Like many people, Facebook has become the largest non-direct way I access news. I ‘like’ just about every major Australian news organisation and then some. With so may options coming into my stream I rely heavily on headlines for selecting which stories I read.
After many weeks of frustration this morning I gave Fox Sports Australia the punt with a very aggressive click on the ‘Unlike this page’ button. I hope I never see them in my stream again. The reality of their content had simply failed to meet the promise of their headlines on too many occasions. They annoyed me and then they lost me.
More often than not they promised ‘the best’ of something, usually a video, only to deliver a very mediocre something. “The Best Goal You Will See This Year” followed by a video of a very average goal (more often than not a 15 second clip preceded by a 30 sec ad!). “Jarryd Hayne Stuns NFL Commentators”, followed by a couple of commentators saying the Aussie is ‘not doing too bad’.
I’m sure they don’t care but I also have news.com.au on a very short leash and they are likely to get the chop by the end of the week if they don’t change their ways.
Your headline is a promise
As any first year marketing student will know, failing to meet customers’ expectations for your products and services is one of the surest ways to damage your reputation.
In a competitive content space your headline is your promise. If the content doesn’t deliver on the promise, you are damaging your brand.
The temptation in a competitive market is always to over reach, make your content sound like something it’s not, just get the click at any cost.
If ‘get the click at any cost’ is your headline writing strategy you better be prepared to pay the price. You may get away with it for a short period by replacing dis-enfranchised readers with new readers (attracted by great headlines) but eventually you end up annoying everybody.
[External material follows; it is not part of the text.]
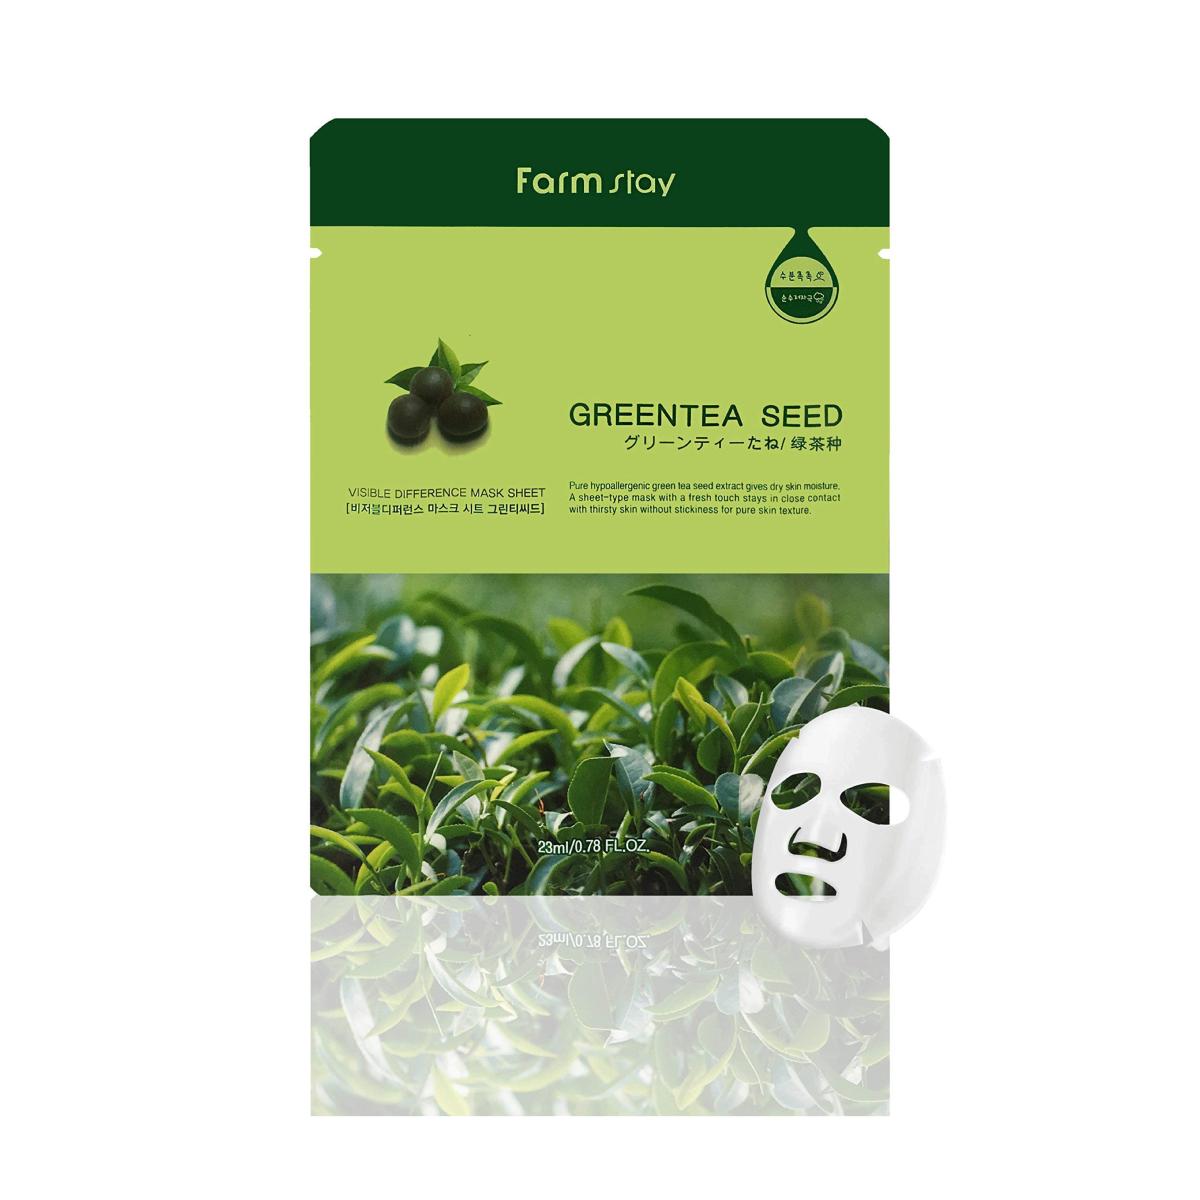 ماسک ورقه ای چای سبز - Green tea seed mask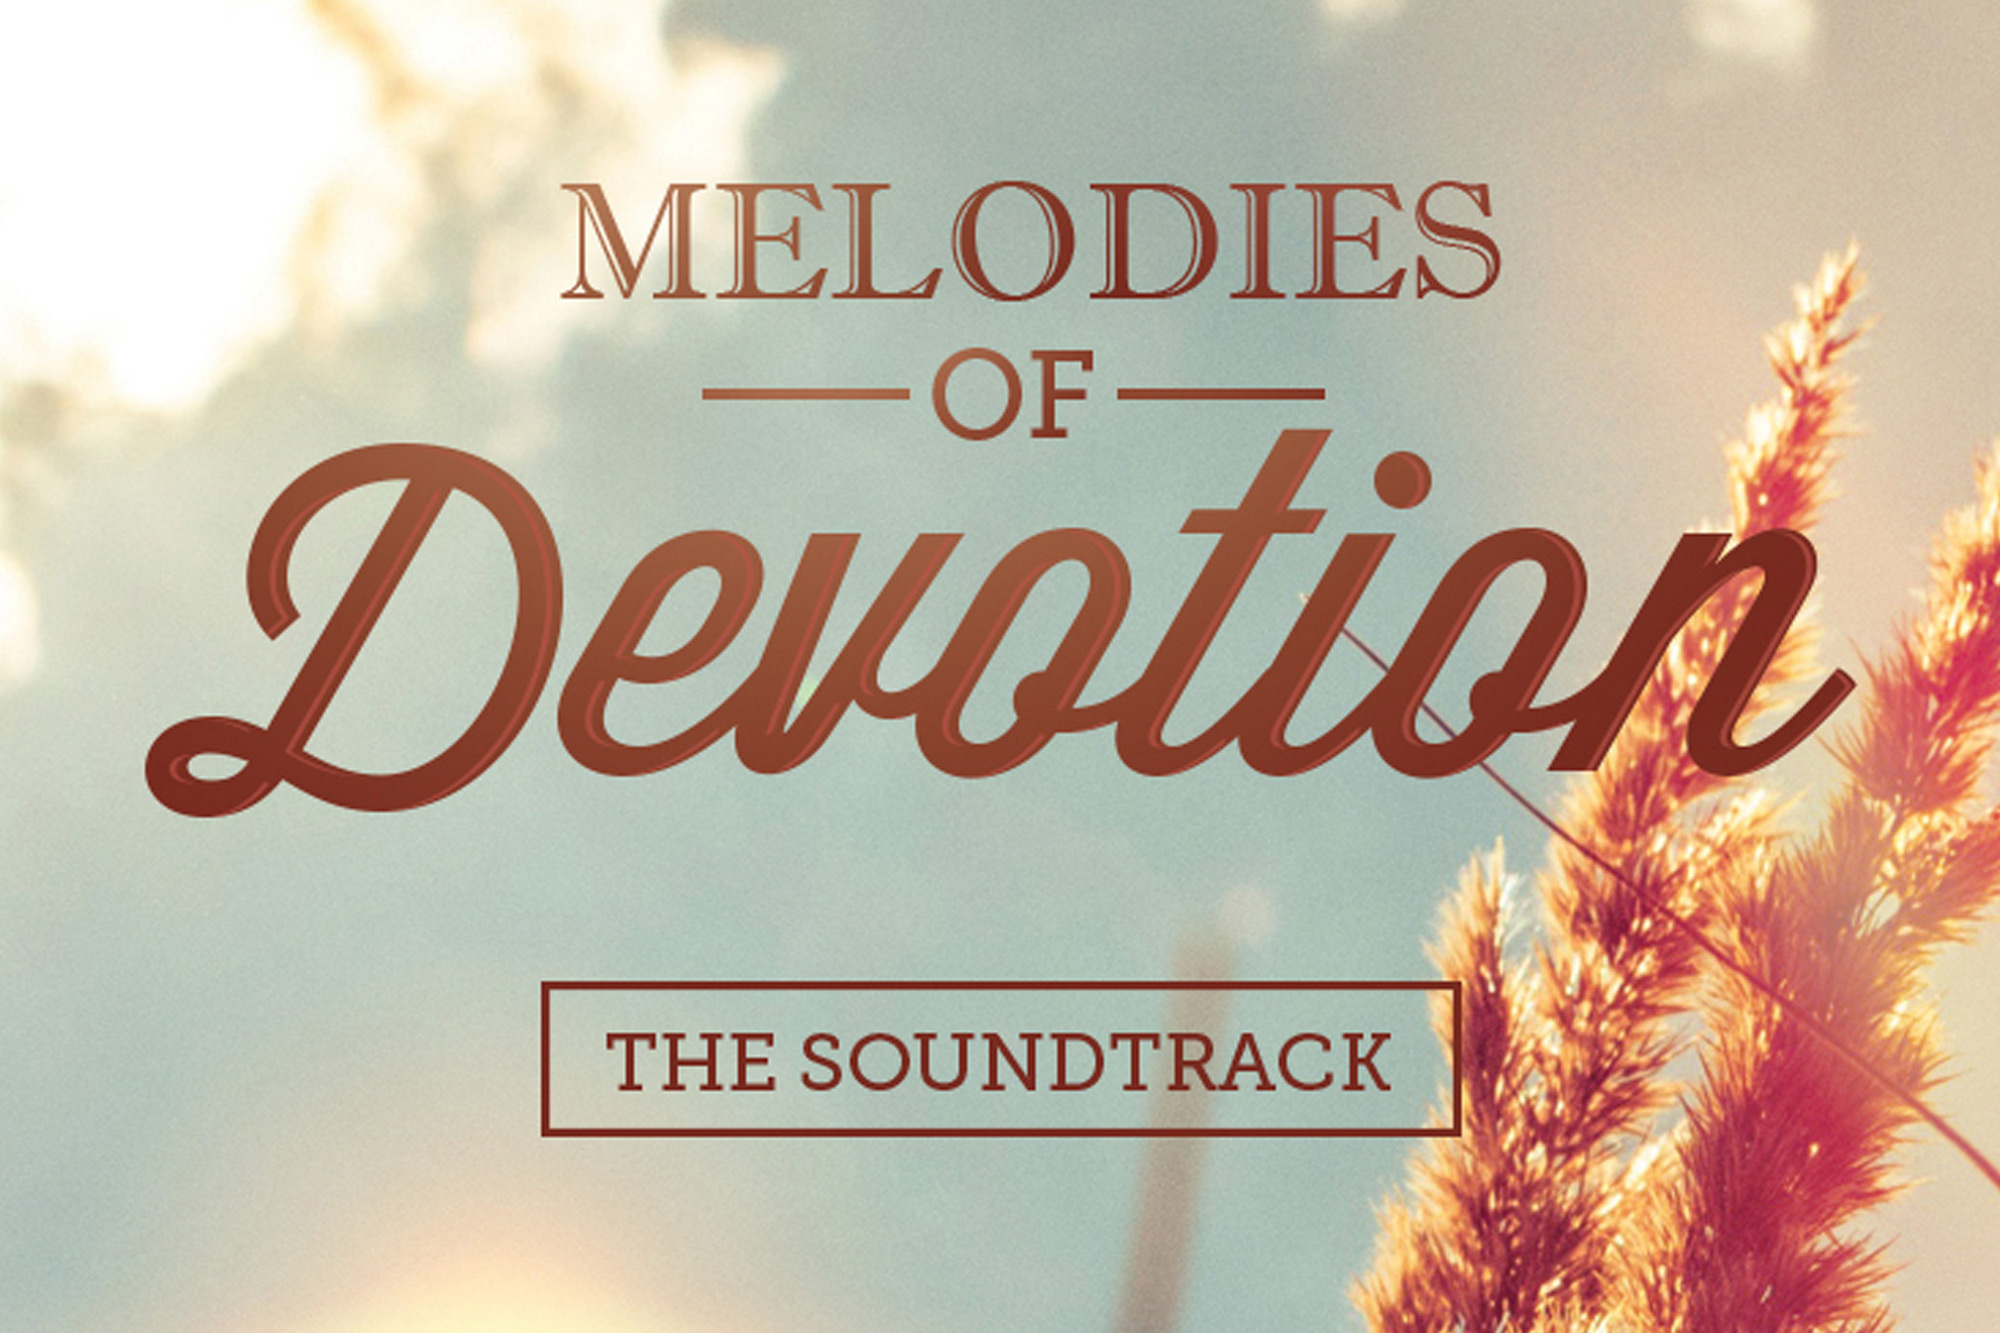 Melodies of Devotion Soundtrack

It will quickly become a death spiral for your readership as the pool of new readers shrinks and the pool of ex-readers grows.
Content is a long game, clickbait is short term
Just as great content has the capacity to grow customer engagement, it also has the capacity to grow dis-engagement.
Unlike traditional advertising and marketing mediums, content is not about achieving an instant sale; it should be about delivering a lifetime of sales. Your content should build trust, respect and likability. This doesn’t happen with one story, one video or one infographic, it happens over time across multiple interactions and multiple pieces of content.
Luring customers with the false promise of a headline that can’t be justified by the substance of the content is the surest way to undo all of your hard work.
Simple tips for great headlines
Creating a good headline has the capacity to make or break an article. Here are a few tips to keep you on track.
- Create your content and then write the headline
- At least 25% of the time spent writing an article should be spent on the headline and first par.
- Test your headline with a colleague or a customer
- Don’t trick people into reading something boring; draw them into something exciting.
- Be descriptive and detailed, while still being punchy
- Consider the context – will the piece be read online or offline (magazine etc)? Does it work on the social net? Who is the target audience?